D.U de Posturologie (2001)

 

 

INFLUENCE DE L’ORTHOPRACTIE SUR LES MESURES STABILOMETRIQUES

 

I.                   But

Le but de cette étude est de montrer par l’intermédiaire d’une plate-forme de stabilomètrie que l’orthopractie modifie le tonus et la stabilité des patients immédiatement après la séance, mais aussi dans les jours qui suivent le traitement.

 

II.                 Introduction

 

Les techniques de massages et de thérapies manuelles ont été utilisées et transmises de génération en génération depuis des temps immémoriaux.

Que ce soit dans les anciennes civilisations ( Chinoise, Egyptienne, Indienne ) ou dans nos campagnes européennes, avec nos rebouteux, les hommes ont toujours essayé, et ce de manière empirique, de soulager les douleurs de leurs contemporains.

Plus prés de nous, dans les années cinquante un pharmacien auvergnat nommé Jean Moneyron est initié aux gestes de reboutement par une religieuse ( Sœur Gérard )

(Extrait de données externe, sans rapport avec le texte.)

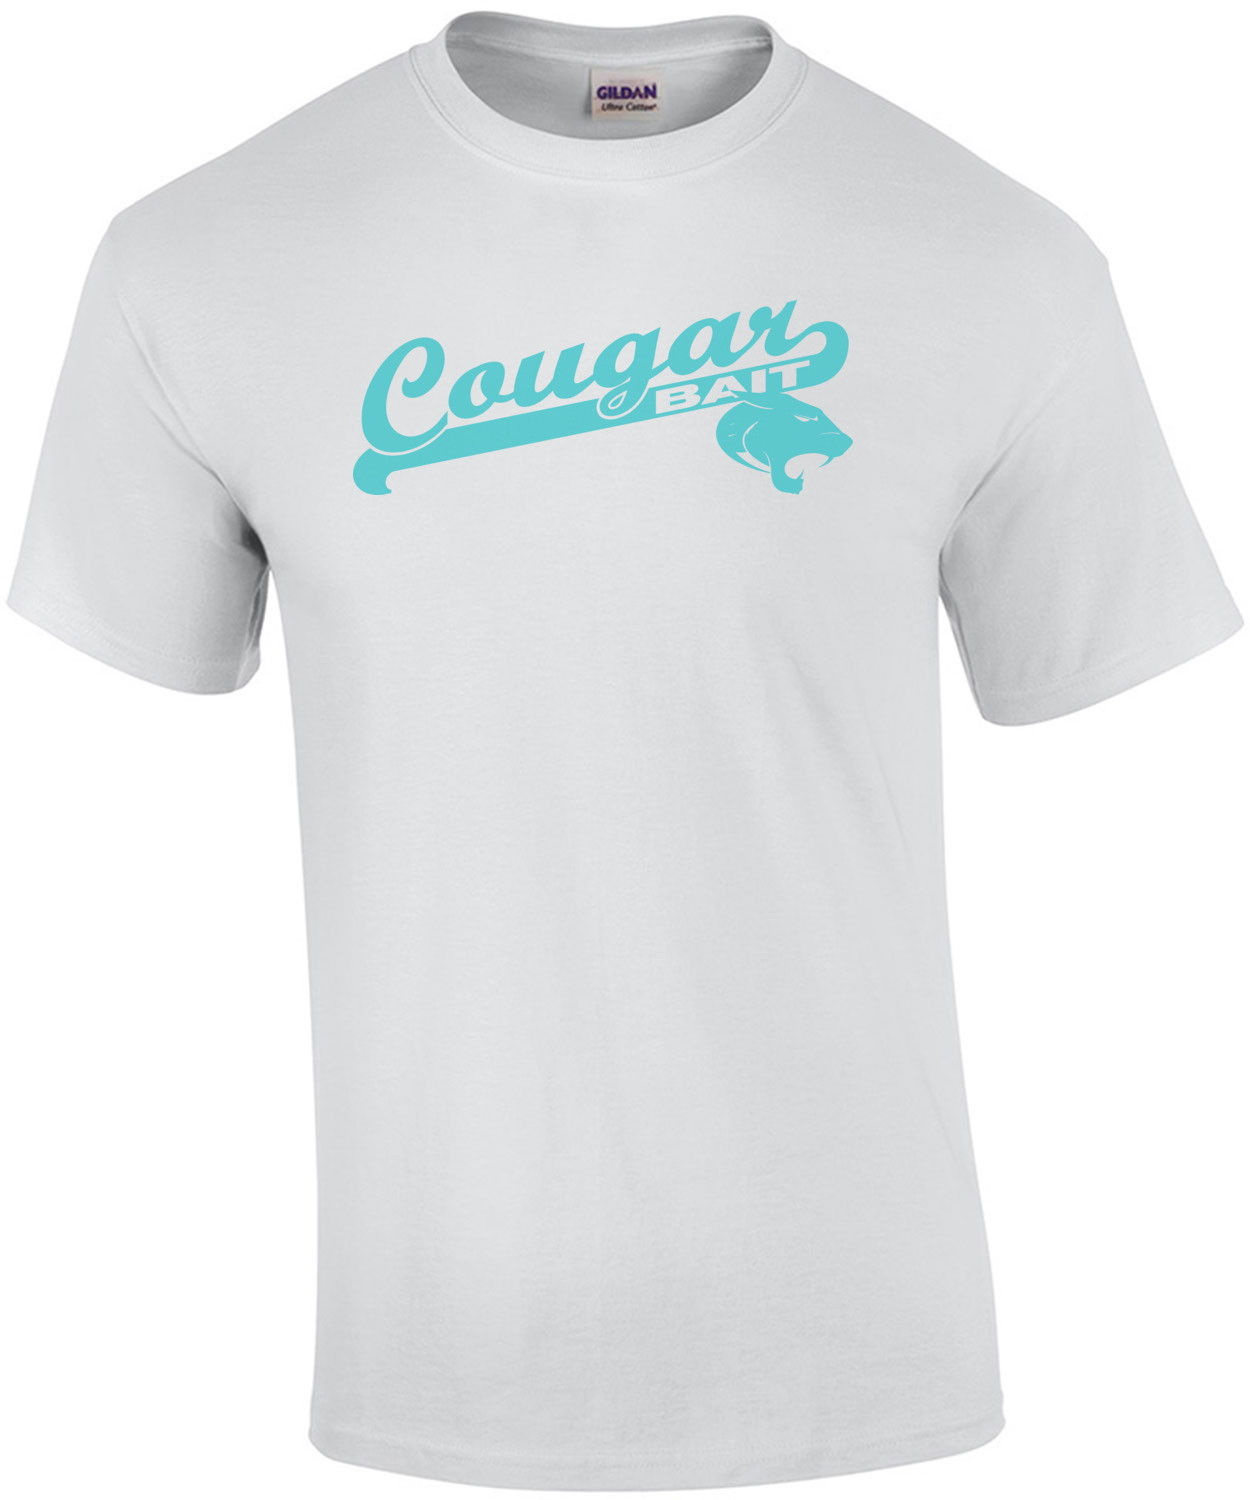 Cougar Bait T-shirt

Il  délaisse sa pharmacie pour passer un diplôme d’état de kinésithérapie et soigner ses patients uniquement à l’aide de ses mains.

Il devient vite un thérapeute fort renommé et bientôt débordé par un afflux de patients.

Si bien qu’à la fin des années soixante il s’associe avec un jeune kinésithérapeute du nom de Jean-Luc Safin.

Ce dernier, après vingt ans de collaboration avec J. Moneyron et trente ans de pratique quotidienne essaye d’expliquer et de démontrer avec des moyens objectifs les raisons des ces réussites thérapeutiques.

De ce désir de sortir de l’empirisme de « la méthode Moneyron » et de la rencontre avec la posturologie moderne est née l’orthopractie.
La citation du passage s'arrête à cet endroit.